Gut health refers to the health of the digestive tract, or gut, the organ that digests and absorbs nutrients from food to provide fuel for your body. But your digestive tract does so much more. It also plays a vital role in maintaining mental and physical health. That’s why you want your gut to thrive and flourish. Most doctors believe gut health is integral to overall health, specifically in terms of disease prevention.

It’s estimated that 80% of diseases can be linked back to an imbalance in gut bacteria—a condition called dysbiosis. When the gut is unbalanced, the wrong types of bacteria multiply and crowd out beneficial species. The result is inflammation, which can damage other parts of your body. That’s not what you want. Let’s look at some ways to heal your gut and keep it healthy.Many people have unique sensitivities to food.

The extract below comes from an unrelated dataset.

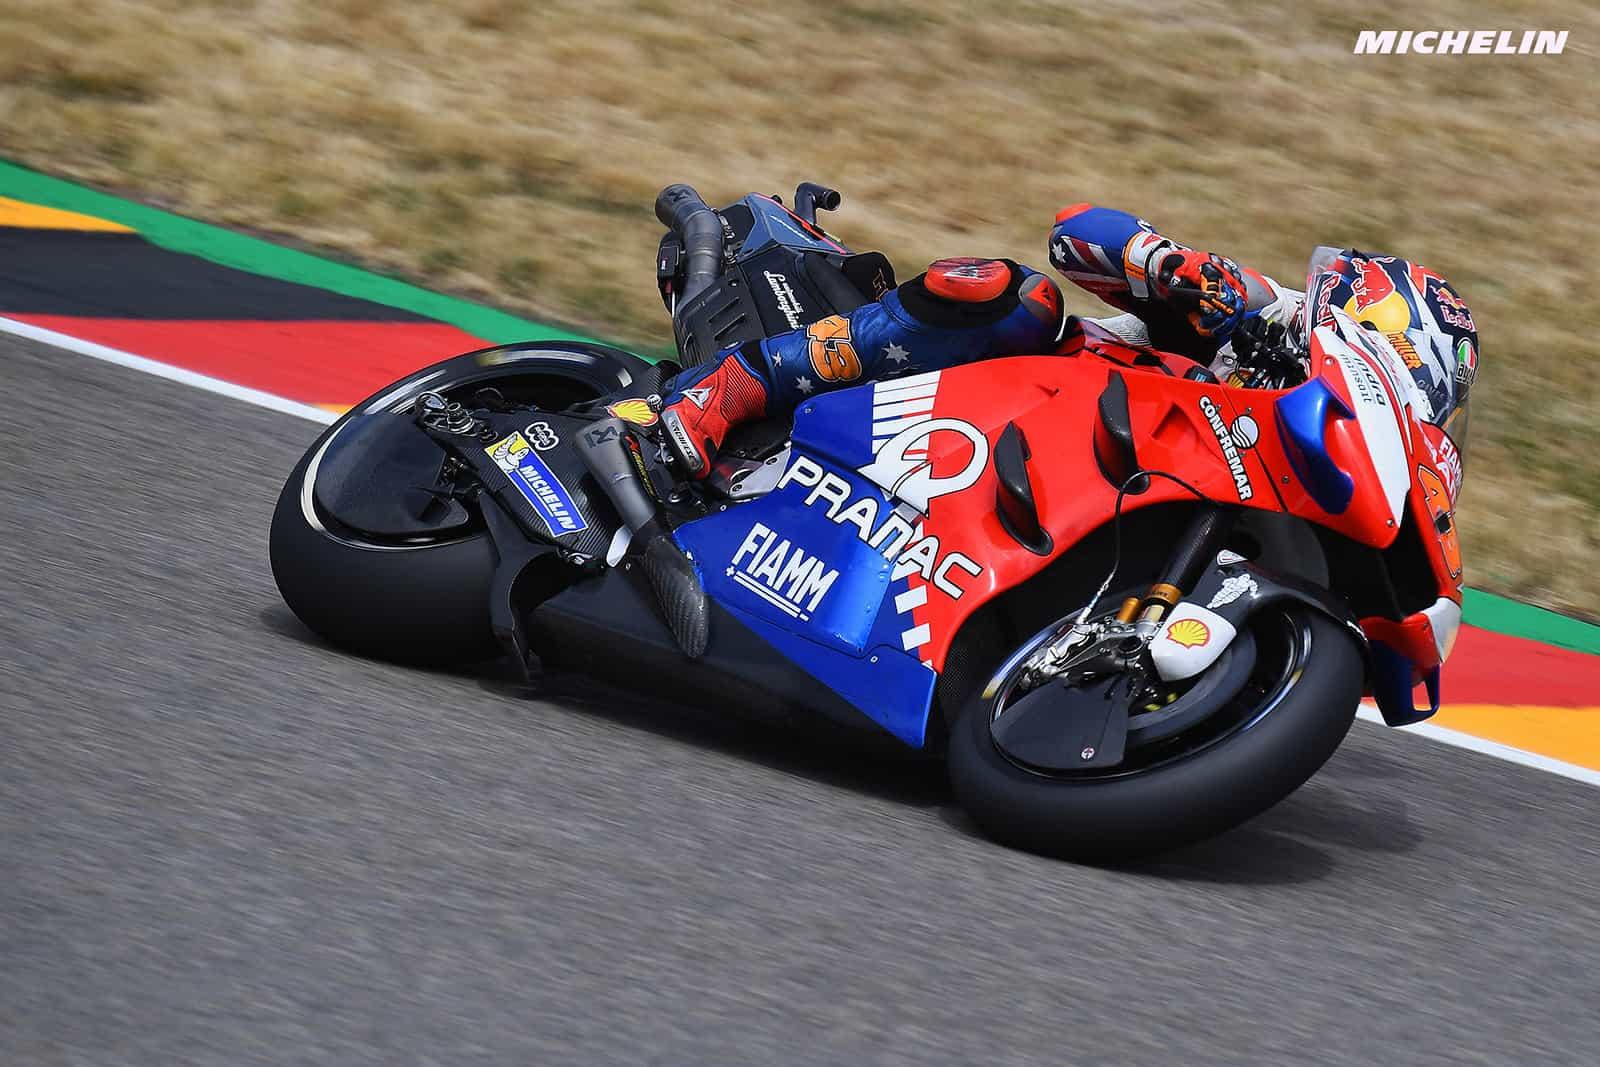 MotoGP2019ドイツGP 予選5位ミラー「フロントタイヤがもう限界だった」

Yet food sensitivities are distinct from food allergies.

To improve your digestive health, identify foods that trigger symptoms and cut them out of your diet. You can do this by keeping a food journal. Write down everything you eat, and how you feel after eating each food and look for patterns. Do some foods cause digestive upset, brain fog, fatigue, anxiety, or other symptoms? Take note of that. Another approach is to do an elimination diet.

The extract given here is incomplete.